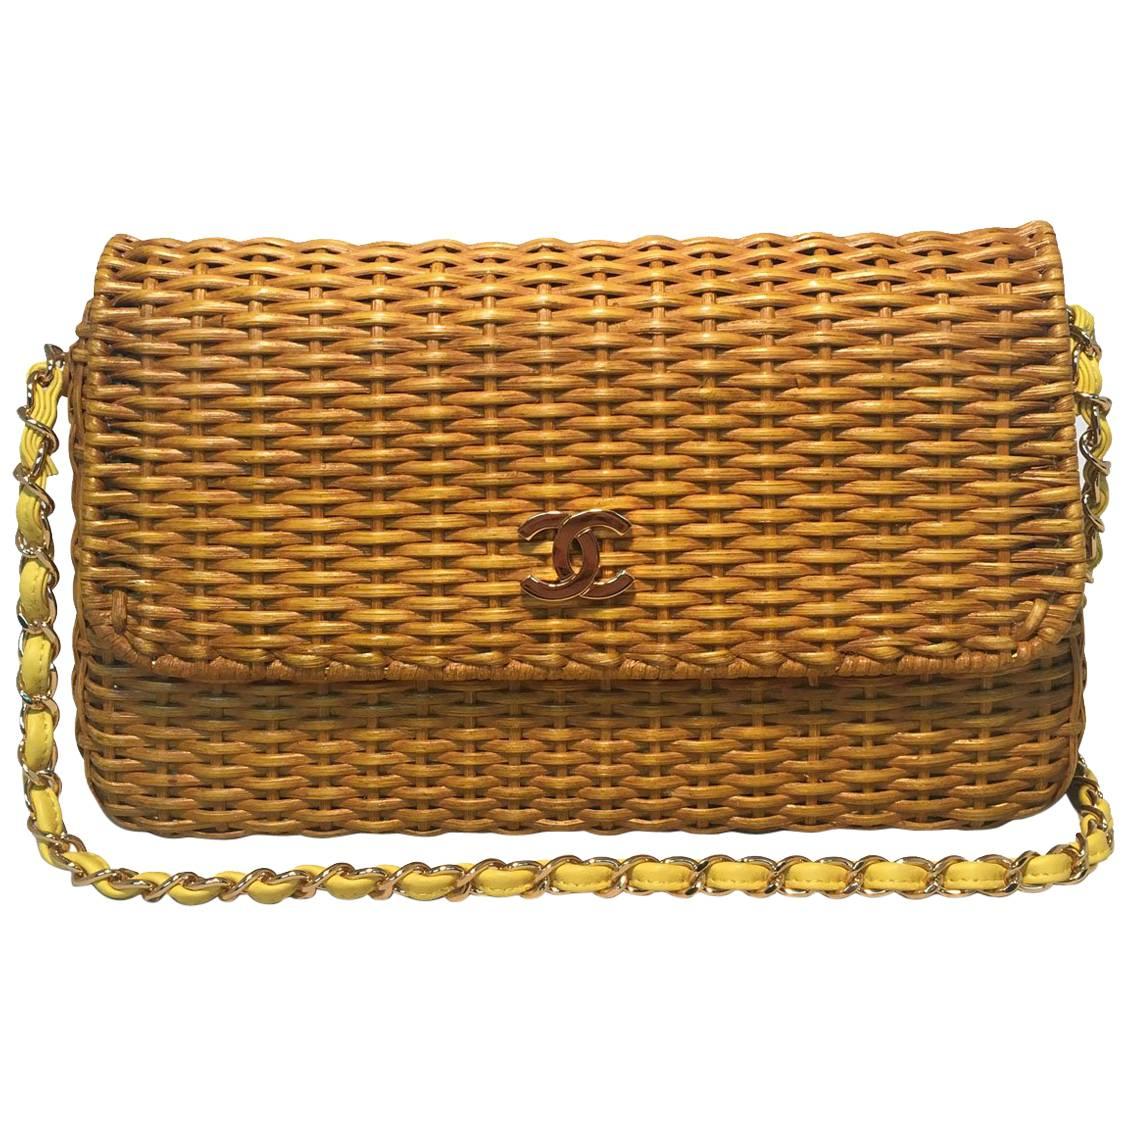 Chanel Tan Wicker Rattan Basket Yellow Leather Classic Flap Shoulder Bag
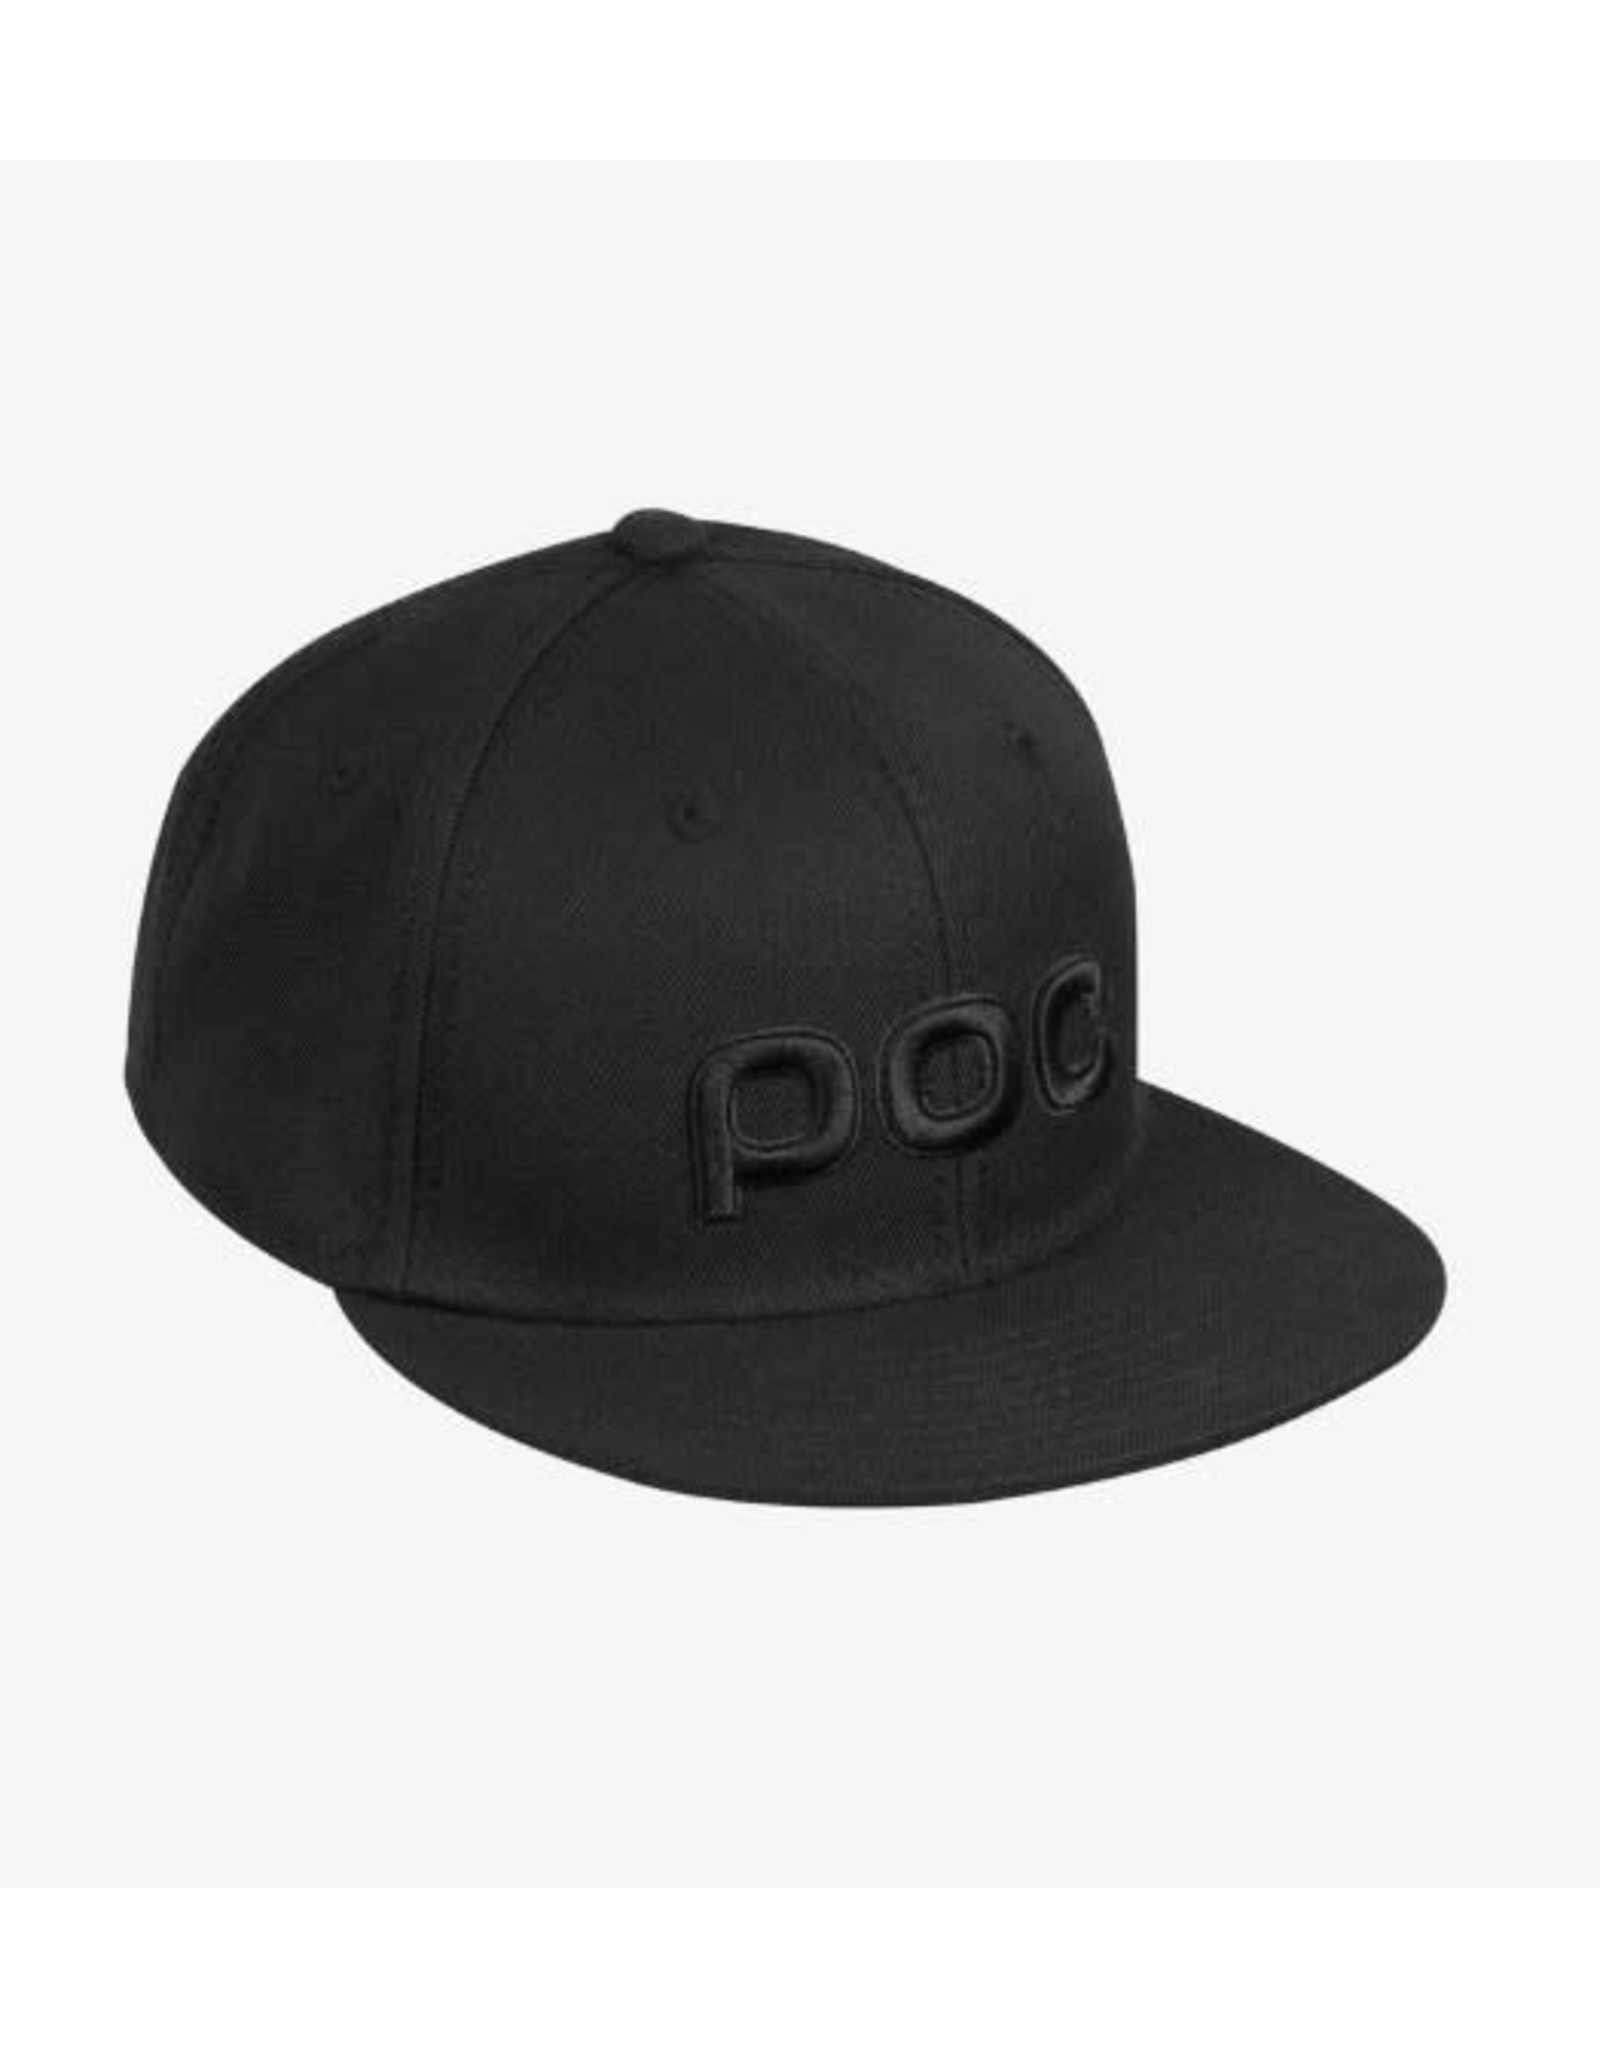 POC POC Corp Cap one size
*****
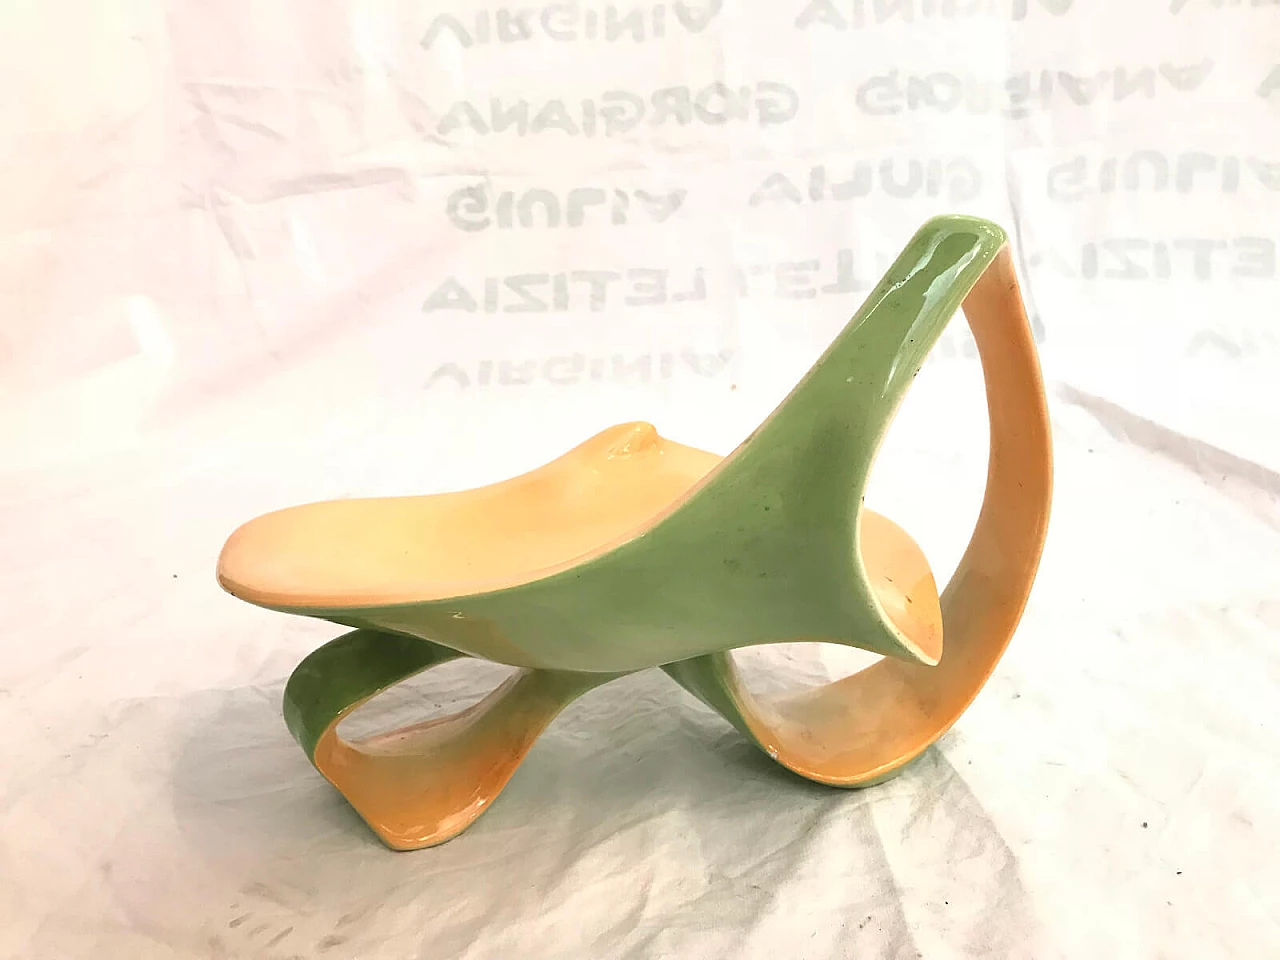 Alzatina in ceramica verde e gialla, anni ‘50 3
*****
Brief:
Above are entries with pictures among them. Write out exactly the lines from the one containing "Chanel Tan Wicker" through the one containing "POC POC Corp Cap one size", ends included, and leave those pictures out.

Response to the exercise:
 Chanel Tan Wicker Rattan Basket Yellow Leather Classic Flap Shoulder Bag
 POC POC Corp Cap one size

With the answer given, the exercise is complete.